**Task description**
Write out, from the entries below, exactly the lines that run between the lines holding "NFFC Junior Pink" and "Mountainous region natural", inclusive, and stop there.

[Stored dataset items]
_____
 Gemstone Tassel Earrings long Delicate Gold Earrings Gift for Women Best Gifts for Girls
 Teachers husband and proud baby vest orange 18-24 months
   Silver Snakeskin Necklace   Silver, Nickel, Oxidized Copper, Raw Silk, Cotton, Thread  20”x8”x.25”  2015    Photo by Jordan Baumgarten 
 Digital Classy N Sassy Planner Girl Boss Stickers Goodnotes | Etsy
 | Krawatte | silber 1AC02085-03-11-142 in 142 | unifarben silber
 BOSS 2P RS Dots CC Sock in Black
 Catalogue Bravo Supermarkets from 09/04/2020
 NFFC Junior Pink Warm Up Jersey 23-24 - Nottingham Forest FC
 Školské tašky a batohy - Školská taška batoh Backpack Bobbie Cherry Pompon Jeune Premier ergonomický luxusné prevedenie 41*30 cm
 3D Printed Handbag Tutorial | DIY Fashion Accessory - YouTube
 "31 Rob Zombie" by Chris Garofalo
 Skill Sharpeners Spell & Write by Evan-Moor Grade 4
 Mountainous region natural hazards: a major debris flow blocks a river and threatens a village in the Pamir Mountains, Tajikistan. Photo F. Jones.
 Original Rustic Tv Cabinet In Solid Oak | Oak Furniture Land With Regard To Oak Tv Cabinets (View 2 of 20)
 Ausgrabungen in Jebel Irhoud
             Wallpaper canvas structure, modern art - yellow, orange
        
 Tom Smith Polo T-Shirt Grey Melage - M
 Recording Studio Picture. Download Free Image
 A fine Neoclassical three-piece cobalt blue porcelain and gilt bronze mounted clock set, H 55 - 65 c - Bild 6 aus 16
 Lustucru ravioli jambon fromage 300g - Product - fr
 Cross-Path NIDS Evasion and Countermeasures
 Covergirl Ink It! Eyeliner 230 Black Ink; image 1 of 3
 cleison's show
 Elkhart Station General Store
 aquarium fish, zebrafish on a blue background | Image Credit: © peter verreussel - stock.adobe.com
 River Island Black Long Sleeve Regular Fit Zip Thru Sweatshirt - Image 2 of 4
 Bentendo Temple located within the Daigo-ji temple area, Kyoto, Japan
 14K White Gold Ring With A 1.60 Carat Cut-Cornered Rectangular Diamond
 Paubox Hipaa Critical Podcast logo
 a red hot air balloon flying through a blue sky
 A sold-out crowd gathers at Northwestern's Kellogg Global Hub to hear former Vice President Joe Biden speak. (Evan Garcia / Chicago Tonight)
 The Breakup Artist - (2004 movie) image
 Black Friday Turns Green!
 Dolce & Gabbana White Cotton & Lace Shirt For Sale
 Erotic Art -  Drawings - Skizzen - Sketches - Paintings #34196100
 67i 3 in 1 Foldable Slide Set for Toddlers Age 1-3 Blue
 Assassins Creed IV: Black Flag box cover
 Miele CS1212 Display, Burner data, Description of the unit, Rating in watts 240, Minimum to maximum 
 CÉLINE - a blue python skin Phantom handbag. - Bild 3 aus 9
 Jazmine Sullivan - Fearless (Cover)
_____
**The answer**
 NFFC Junior Pink Warm Up Jersey 23-24 - Nottingham Forest FC
 Školské tašky a batohy - Školská taška batoh Backpack Bobbie Cherry Pompon Jeune Premier ergonomický luxusné prevedenie 41*30 cm
 3D Printed Handbag Tutorial | DIY Fashion Accessory - YouTube
 "31 Rob Zombie" by Chris Garofalo
 Skill Sharpeners Spell & Write by Evan-Moor Grade 4
 Mountainous region natural hazards: a major debris flow blocks a river and threatens a village in the Pamir Mountains, Tajikistan. Photo F. Jones.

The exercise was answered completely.